Getting data from S3 (client) to our S3 (company)

We have a requirement to get a .csv files from a bucket which is a client location (They would provide the S3 bucket info and other information required). Every day we need to pull this data into our S3 bucket so we can process it further. Please suggest the best way/technology that we can use to achieve the result.
I am planning to do it by Python boto (or Pandas or Pyspark) or Spark; reason being, once we get this data it might be processed further.
You can try the S3 cross account object copy using the S3 copy option. This is more secure and the suggested one. Please go through the below link for more details. It also works for same account different buckets. After copying then you can trigger some lambda function with custom code(python) to do the processing of the .csv files.
How to copy Amazon S3 objects from one AWS account to another by using the S3 COPY operation
If your customer keeps the data in an s3 bucket to which your account has been granted access to it, then it should be possible to use the .csv files as a direct source of data for a spark job. Use the s3a://theirbucket/nightly/*.csv as the RDD source, and save it to s3a://mybucket/somewhere, ideally in a format other than CSV (Parquet, ORC, ...). This lets you do some basic transformation of the format into one easier to work with.
If you just want the raw CSV files, that S3 Copy operation is what you need, as it copies the data within S3 itself (6+MiB/s if in the same S3 location), and not needing any of your own VMs involved.

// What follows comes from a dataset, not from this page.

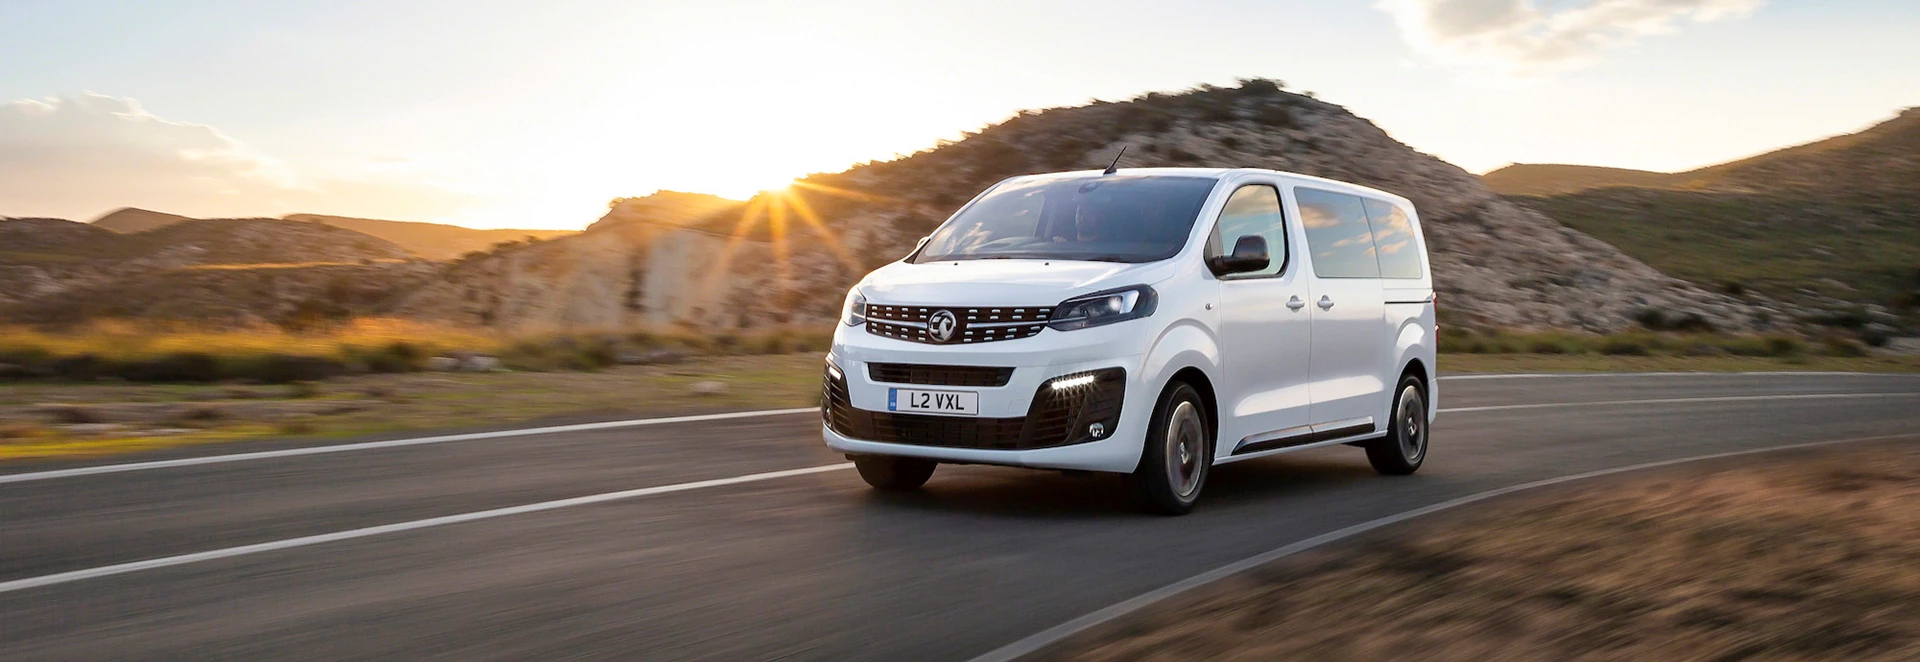 Vauxhall takes covers off new MPV – the Vivaro Life

How to search a string in Amazon S3 files?

I have all types of files or documents stored in Amazon S3.
How to perform search on those documents using a search keyword or string (full-text search, if possible) ?
Is there any documentum built on it ?
Matching documents list which has the search string will be displayed to the user for download.
Any help please ?
Searching documents in S3 is not possible.
S3 is not a document database. It is an object store, designed for storing data but inferring no "meaning" from the data -- essentially a key/value store suporting very large values. It has no sense of context. It doesn't index the content of the objects, or even the object metadata. The only way to "find" an object in S3 is to already know its key.
It is excellent for highly available and highly reliable storage, but searching not part of its design.
The solutions depends on how structured your S3 file data is.
If it is structured or semi-structured like cvs, JSON with columnar alike format, AWS Athena will be the best choice. With just a few clicks, you’re ready to query your S3 files.
Otherwise, if the data is totally un-structured, you may want to use elasticsearch and etc.
You cant search as you wish in amazon S3.
but we have alternate solution for this. I am using S3 browser software for this.
here is link to download: http://s3browser.com/
Download it and you will have all access same like amazon S3 browser. you can also perform search and other processes.